A year later the Federal Bureau of Investigation (FBI) received another tip about his terrorist links and yet again in 2005 when one of his wives, who had him arrested on domestic violence allegations, told counter-terrorism investigators about his radical views and training in Pakistan, ProPublica reported.
It reported quoting officials, "Inquiries were conducted, but he was not interviewed or placed on a watch list."
Another set of tips came in late 2007 and early 2008, when another wife of Gilani told US embassy officials in Islamabad that "Headley was a terrorist and a spy, describing his frequent trips to Mumbai and his stay at the Taj Mahal Palace Hotel," ProPublica reported.
It said that according to officials, the lead was not pursued because they did not think it was specific enough.
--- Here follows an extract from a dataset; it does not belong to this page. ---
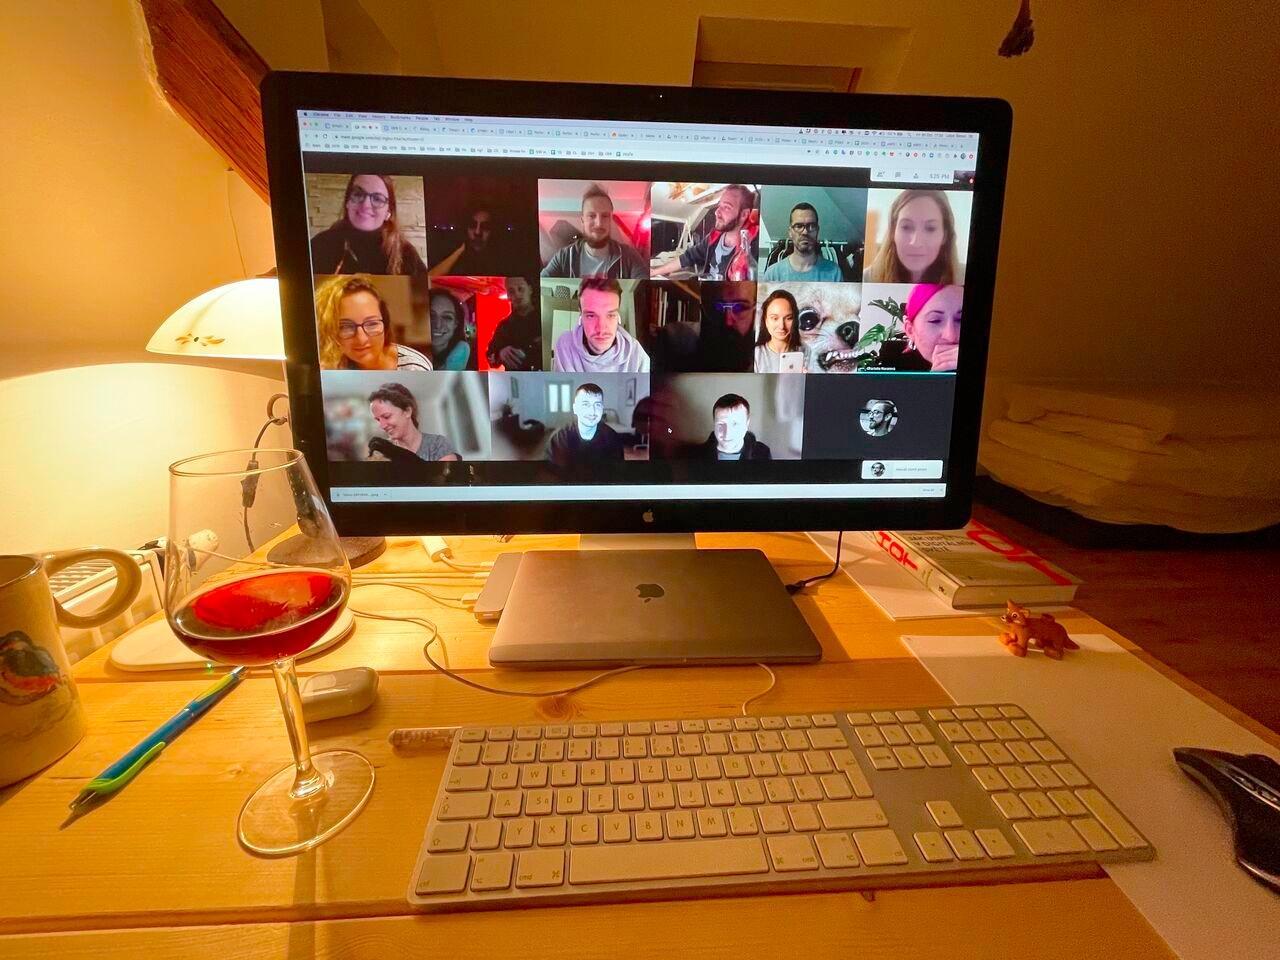 Obsah obrázku interiér, stůl, počítač, přenosný počítač  Popis byl vytvořen automaticky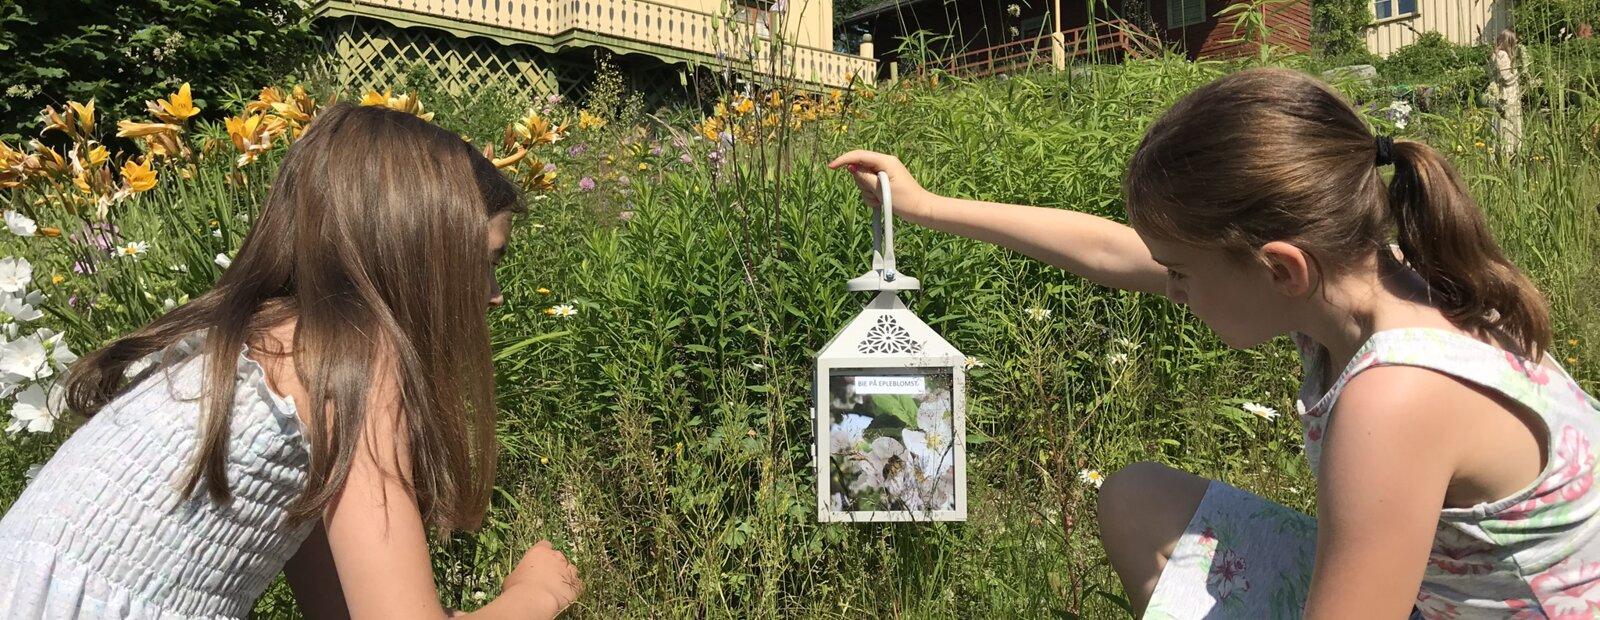 Barn som ser på en lykt i hagen til Bjørnstjerne Bjørnson.

ProPublica said that according to court documents the last tip came from a family friend after the Mumbai massacre and a cousin on Gilani who was questioned by the FBI tipped him off.
All the apparent bungling and the Clapper review may have led to some changes in how the US deals with terrorism tipoffs to avoid another 26/11.
Clapper's office said, "Since the December 2009 attempted terrorist attacks on the United States, the Obama Administration has focused on information sharing reforms - new watchlisting policies and procedures have been enacted, as well as an increased focus on the pursuit of seemingly disparate and unrelated information regarding reports on individuals and their activities."